In Quebec and the Atlantic provinces, 16 per cent of the population is 65 years or older. In Alberta, that figure is 11 per cent. Statistics Canada produces a telling chart of the “age pyramid” of Alberta compared to Newfoundland. Alberta has more children and people in the 20-45 age range. Newfoundland has a big bulge of 50-65 year-olds and fewer children, which means its “pyramid” is shaped more like a spinning top.

This, of course, presages growing health-care costs and a shrinking labour force.

These dry statistical facts will eventually turn into real-world drama. Flat tax revenue and growing health-care costs will squeeze budgets for education, highways and everything else. Stagnant revenue growth for businesses will put pressure on profits and jobs. Nest eggs will shrink, since most Canadians have a significant portion of their net worth tied up in houses or small businesses. Neither will be easy to sell for a good price in a low-growth future.

Meanwhile, a visit to the rapidly growing urban regions of B.C. and Alberta tells a different story. I was just in Coquitlam, which has boomed to having four times the population of the Yukon. New highways are full of new cars going from new housing developments to new malls. Everyone can think of themselves as an economic genius. House prices keep going up. Even the most obscure food stalls in the Coquitlam mall had queues. My hotel was in a bad location by the train tracks, with a mediocre restaurant and rooms with a weird smell. It was full.

We in the Yukon have witnessed in recent years the boom effect of sustained population growth. Our percentage of over-65s is even lower than Alberta’s. Yukoners aged four and under grew 14 per cent over the last five years, triple the figure in Nova Scotia.

The fast-growing regions of Canada each have a narrative to tell. Alberta has oil and gas it can produce and export profitably even if prices slip somewhat from today’s levels. Perhaps the sector won’t continue to boom as it has, but it is not going away. Greater Toronto, despite the challenges in the manufacturing sector, has a diverse range of financial services, head offices and other sectors that draw in money from the rest of the country. Vancouver has inflows of immigrant capital and, only partly jokingly, the marijuana industry.
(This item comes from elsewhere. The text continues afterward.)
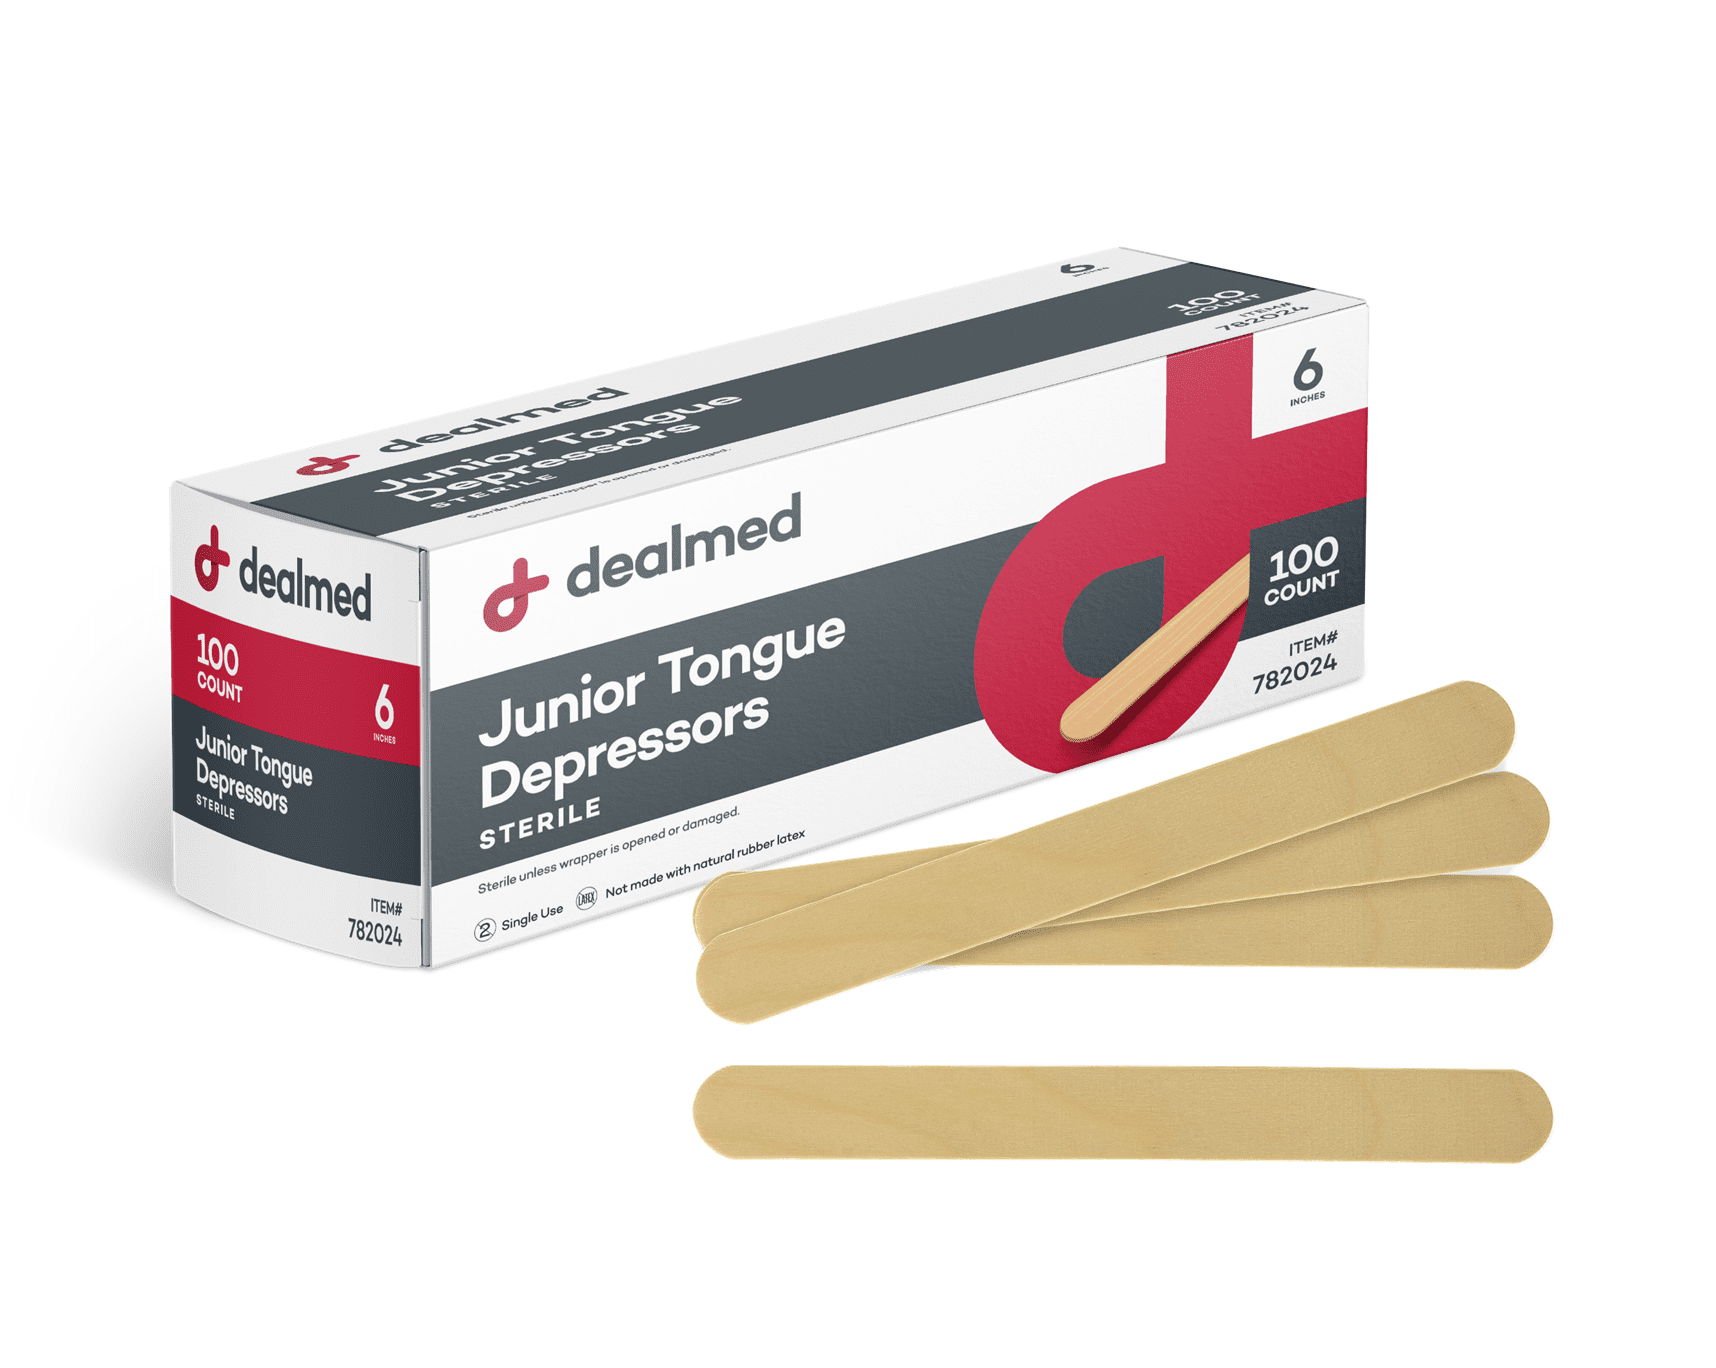 Dealmed 6 Senior Tongue Depressors - Sterile, Individually Wrapped for  Medical Practice, Crafts, Emergency First Aid Kits and More (100/Box)

The question for us is what the Yukon’s narrative will be. Will transfer payments continue to grow in coming decades? Will the previous years’ exploration boom lead to sustainable mining production? Or do we run some of the same risks as Atlantic Canada?

Any Yukoner who owns a house, a mall or a hotel with a weird smell will be very interested in the answer.

Keith Halliday is a Yukon economist and author of the MacBride Museum’s Aurore of the Yukon series of historical children’s adventure novels.